Be that as it may, in light of, and in tandem with the current obliteration of the universe as we 'know' it, (each in our own way, yet with a common view of reality -- ????), had I not made the decision 6 months ago to not renew my license and formally retire, I honestly attest to my belief that it would be necessary to retire if only on matters of principle alone.

When I trained to become aligned with the mission of the American Counseling Association's ethical code, I felt relieved of previous internal crises of conscience that had been programmed as a result of being raised in a tribe of extreme conservative believers, taking cues from the Roman Catholic playbook on matters of faith and morals.

Becoming enlighted through education and exposure to the methods of science for determining fact from fiction, I was finally able to deconstruct the 'me' that had been forged in the crucible of shame, and reconstruct a 'me' that was more truly aligned with scientific priniciples .... i.e. 'truth'. Enter the ACA Code of Ethics. What a relief, I no longer had to wrestle with religious values, I could now replace these a simple set of humanistic values and ethics that are often though of as humanistic, though they could also be characterized as derivative of the "Golden Rule". I have no issue with that .... It was definitely a load off to be free of the internal stress,  to have a set of clear decisive guidelines/recommendations for managing human relationships, which preserved the balance of power between self and other in the I/Thou dyad embedded in every relationship, with things both animate and inanimate. 

These professional values provide a conceptual basis for the ethical principles enumerated below. These principles are the foundation for ethical behavior and decision making. The fundamental principles of professional ethical behavior are

• autonomy, or fostering the right to control the direction of one’s life;

• nonmaleficence, or avoiding actions that cause harm;

• beneficence, or working for the good of the individual and society by promoting mental health and well-being;

• justice, or treating individuals equitably and fostering fairness and equality;

• fidelity, or honoring commitments and keeping promises, including fulfilling one’s responsibilities of trust in

professional relationships; and

• veracity, or dealing truthfully with individuals with whom counselors come into professional contact.

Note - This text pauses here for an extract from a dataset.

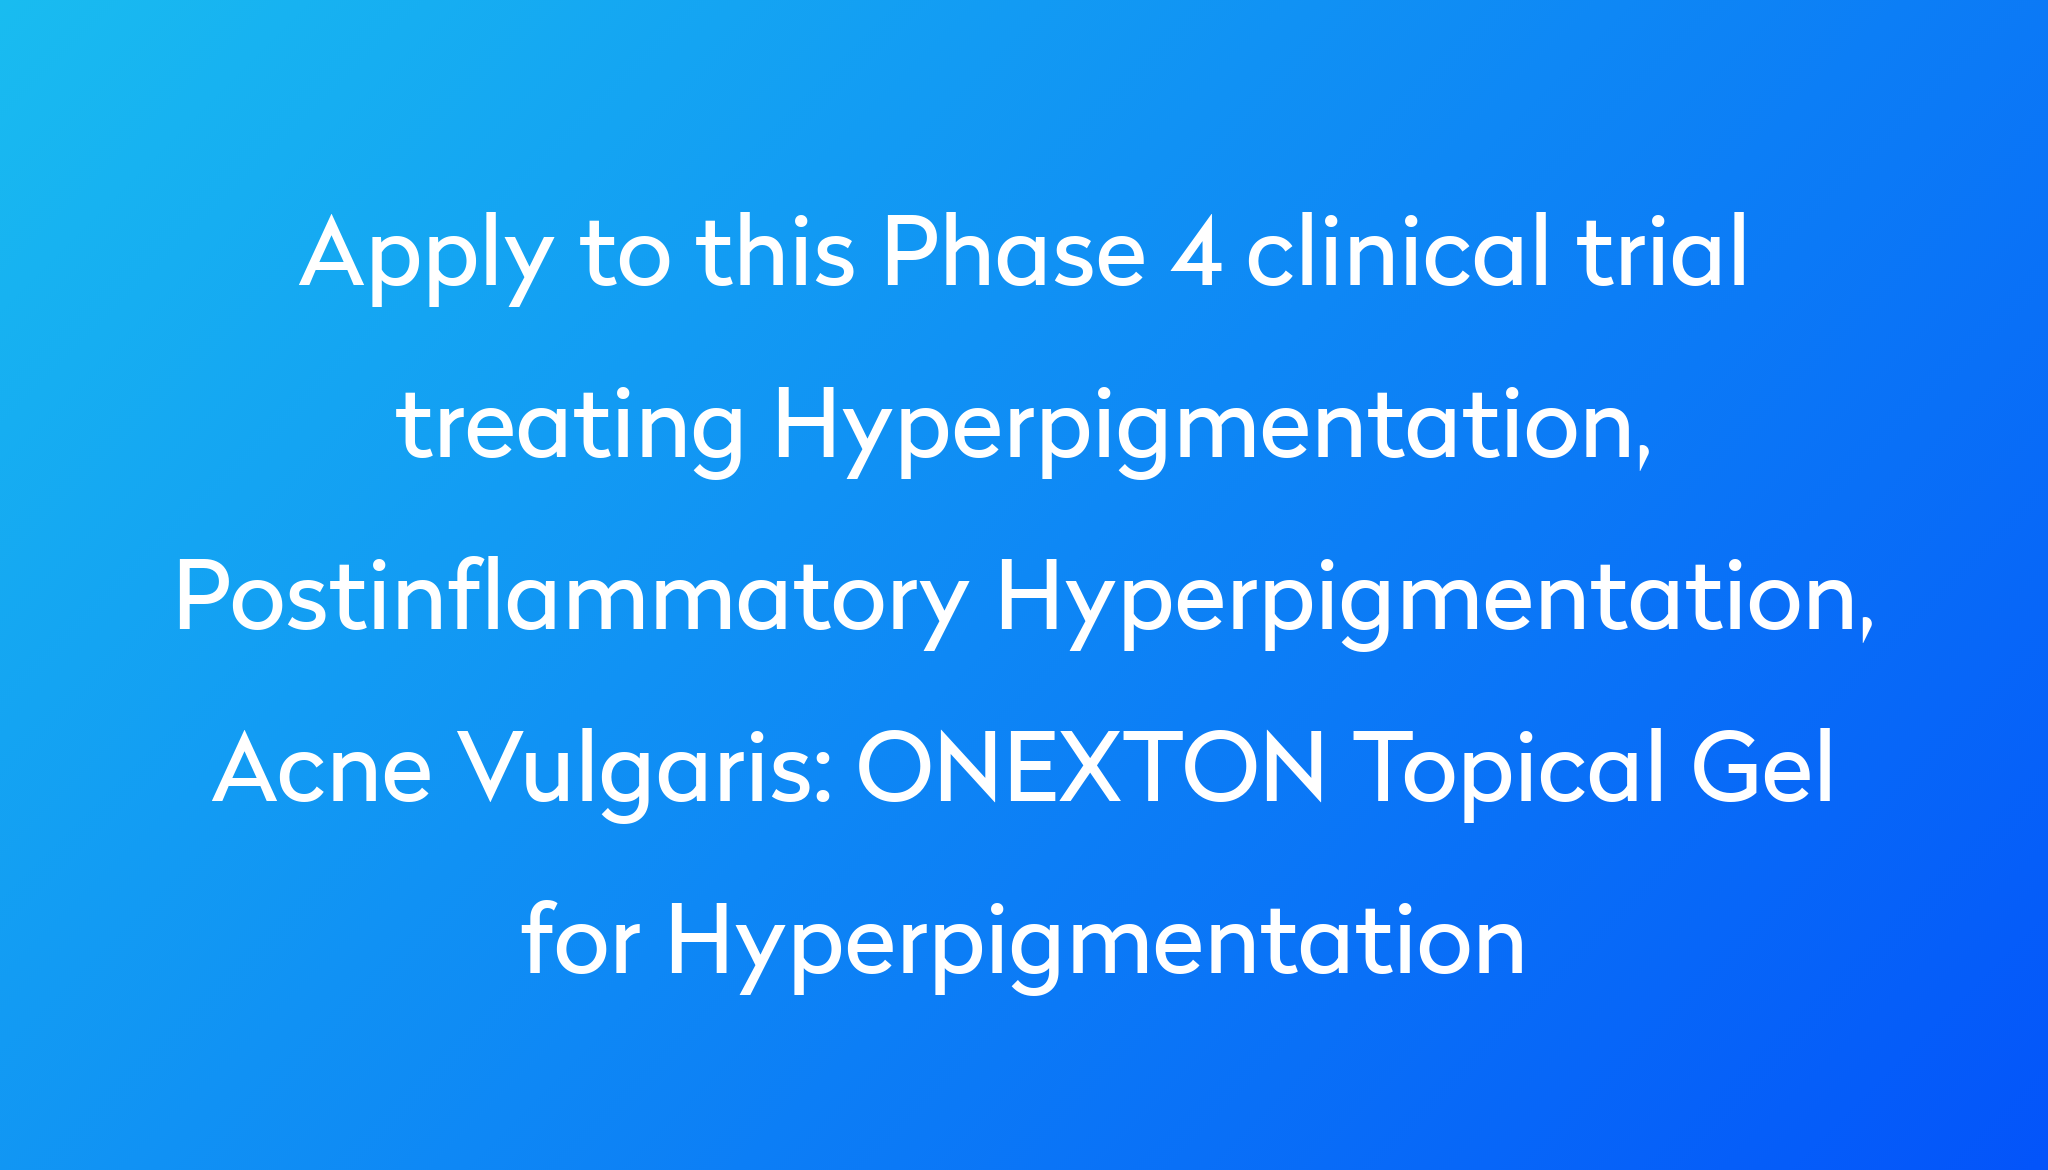 ONEXTON Topical Gel for Hyperpigmentation Clinical Trial Power

 As I head into the meeting later on in the day where I will be honored for my services to the CWC, I carry with me a sense of grief and loss of an identity that is no longer deemed valid by the current political agenda of obliteration, shock and awe, as it levies it destruction on everything that was once (and still is) considered sacred, beyond religion....... what was sacred has now been deemed profane in the eyes of the government. 

Even if I were not physically disadvantaged, I would have to question my ability to be completely unbiased as I worked with others who come to the couch seeking support with managing themselves amidst the pressures of their own disintegrating psychic structure, facing an existential crisis not yet fully understood. Yes, retirement is the best choice to address my physical decline, and my lack of ability to work within the aegis of these ethics  that I have adopted as my moral code. 

As I move on I ask myself "Who am I?"; I may not have the full understanding of that question, but in writing these journals, I can, in review, observe patterns of choice and behaviors that may give hints of clues to the motivational thrust behind them. 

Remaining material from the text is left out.